Lucy.net 1.0.10-preview

This is a prerelease version of Lucy.net.
There is a newer prerelease version of this package available.
See the version list below for details.
dotnet add package Lucy.net --version 1.0.10-preview
NuGet\Install-Package Lucy.net -Version 1.0.10-preview
This command is intended to be used within the Package Manager Console in Visual Studio, as it uses the NuGet module's version of Install-Package.
<PackageReference Include="Lucy.net" Version="1.0.10-preview" />
For projects that support PackageReference, copy this XML node into the project file to reference the package.
paket add Lucy.net --version 1.0.10-preview
#r "nuget: Lucy.net, 1.0.10-preview"
#r directive can be used in F# Interactive and Polyglot Notebooks. Copy this into the interactive tool or source code of the script to reference the package.
// Install Lucy.net as a Cake Addin
#addin nuget:?package=Lucy.net&version=1.0.10-preview&prerelease

// Install Lucy.net as a Cake Tool
#tool nuget:?package=Lucy.net&version=1.0.10-preview&prerelease

Lucy Logo

Lucy Help

Lucy is an Entity Recognition engine which defines a simple yaml syntax for recognizing entities.

Entities

Entites are named fragments of information.

When entities are recognized they have resolution which is structural information from the recognition process.

For example, @dimension outputs a structure { value:13, units:inches }

Entities are made up of 1..N token patterns.

Patterns

A pattern is a definition of the sequence tokens and/or entities which make up your entity.

Lucy uses Lucene language text tokenizers (analyzers) to normalize text into tokens with using stemming, punctation, case normalization, etc. This allows you to work purely at the token level freeing you from worrying about about punctionation, stemming, etc.

A simple pattern such as walking the dog is defining that Lucy should look for a sequence of normalized tokens ["walk", "the", "dog"].

NOTE: Patterns are evaluated at the token level after normalization using Lucene text analzyers.

Alternatively, a pattern can be defined as a traditional character stream based regular expression. To signal that the pattern is a regular expression the pattern should start and ends with '/' char.

  # match tail numbers like N185LM 
  - name: '@tailNumber'
    patterns: 
    - /N[\dA-Z]{5}/

NOTE: The regex character pattern matching is only recommended to be used for matching character entities that are structured and impossible to recognize at the token level. (such as part numbers, SSN numbers, etc.).

Token patterns

Matching a set of alternative tokens is the simplest case.
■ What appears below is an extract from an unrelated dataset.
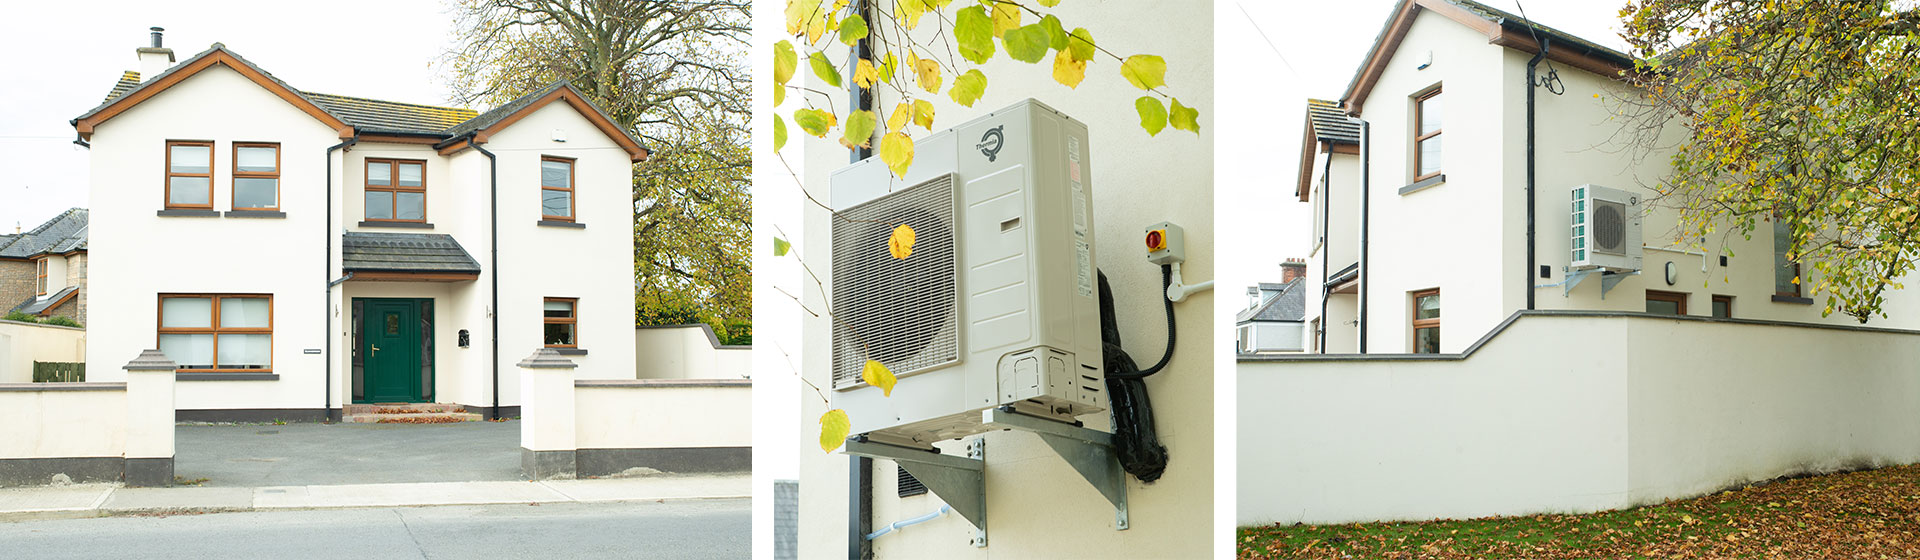 Air-to-Water Heatpump Retrofit with Radiators - Blackrock Co. Louth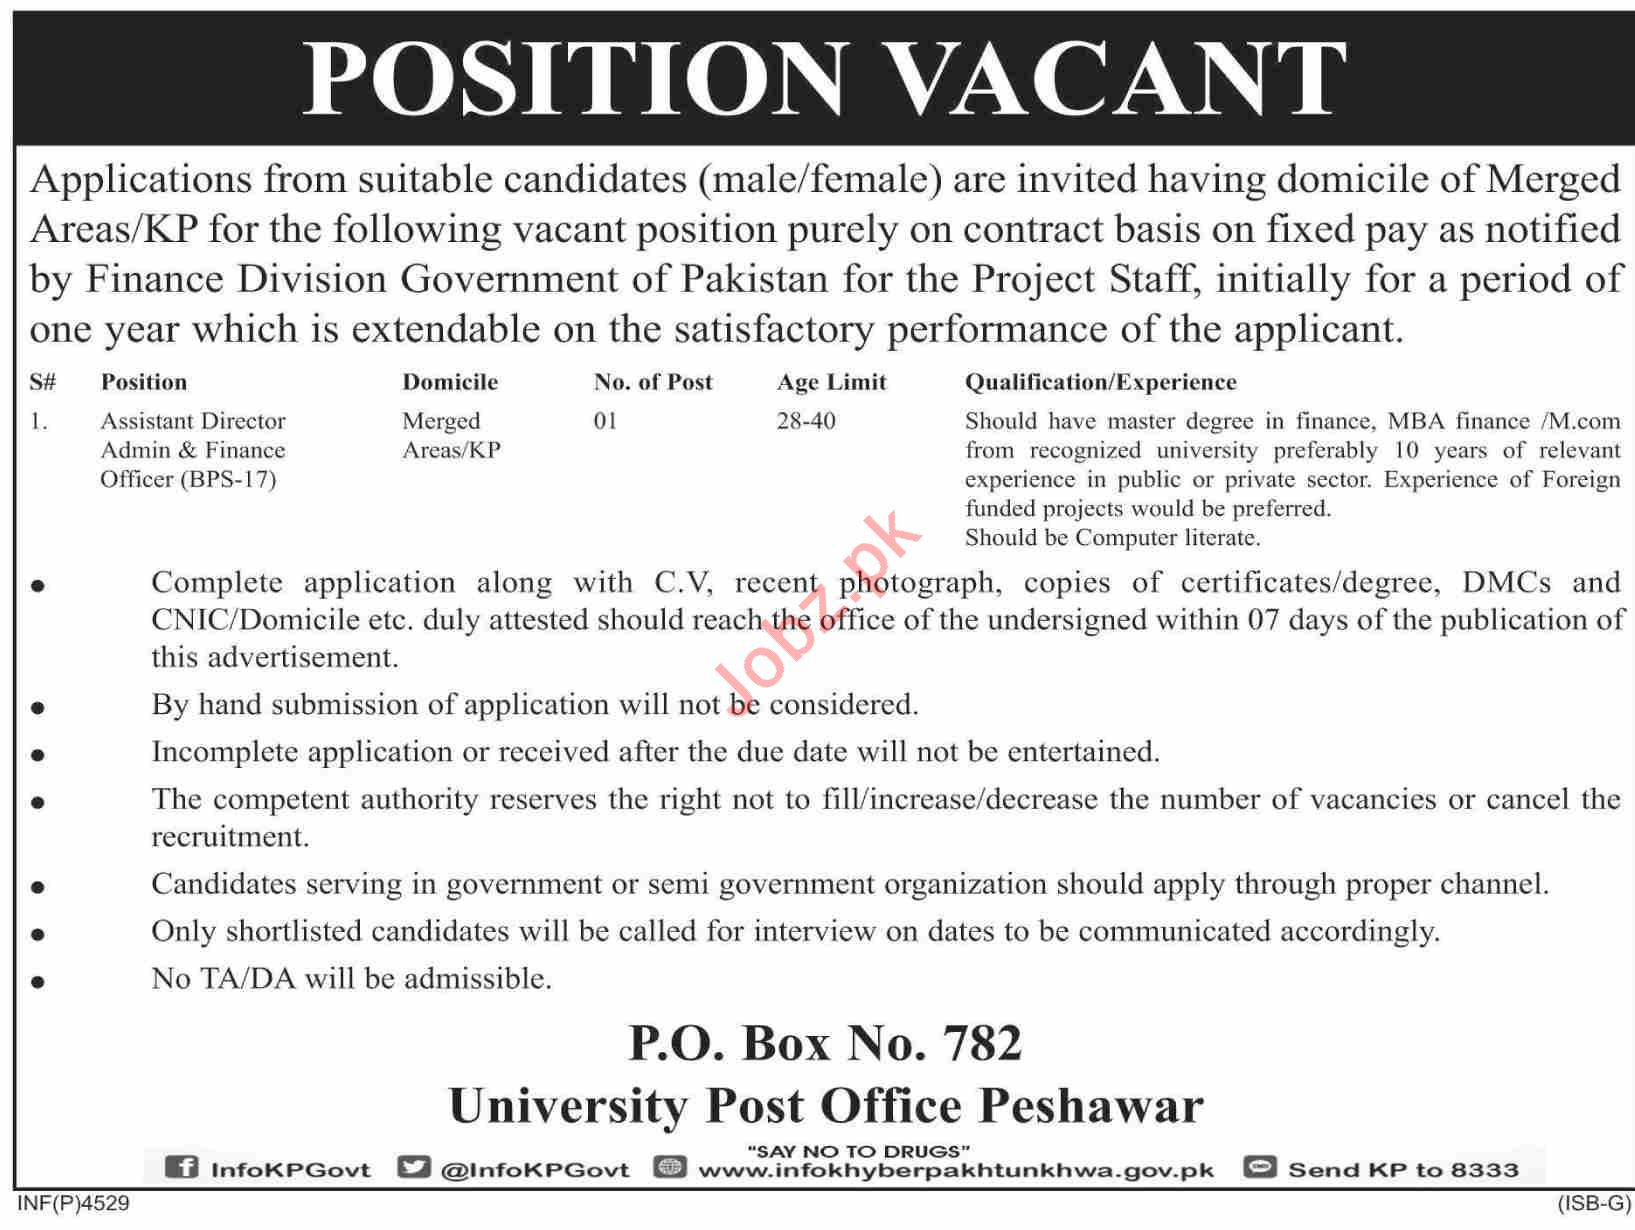 KPK Government Jobs 2019 P O Box 782 University Post Office

To do this is easy:

  - name: '@drinkSize'
    patterns: 
    - small
    - medium
    - large

Given text like I would like a large will match @drinkSize = large.

Synonyms and canonical values

You can control the canonical value that is passed to your program by using an array.

In the following example, instead of just small, medium, large, extra large we are defining synonyms on each line, normalizing the resolution to the letters s, m, l, xl.

  - name: '@drinkSize'
    patterns:
    - [s, small, short, tiny]
    - [m, medium, tall]
    - [l, large, big]
    - [xl, extra large, venti, huge, ginormous, enormous]

Given text like I would like a extra large will match @drinkSize = xl.

Entity references

In a pattern sequence you can refer to an entity by using @ prefix in front of the entity name.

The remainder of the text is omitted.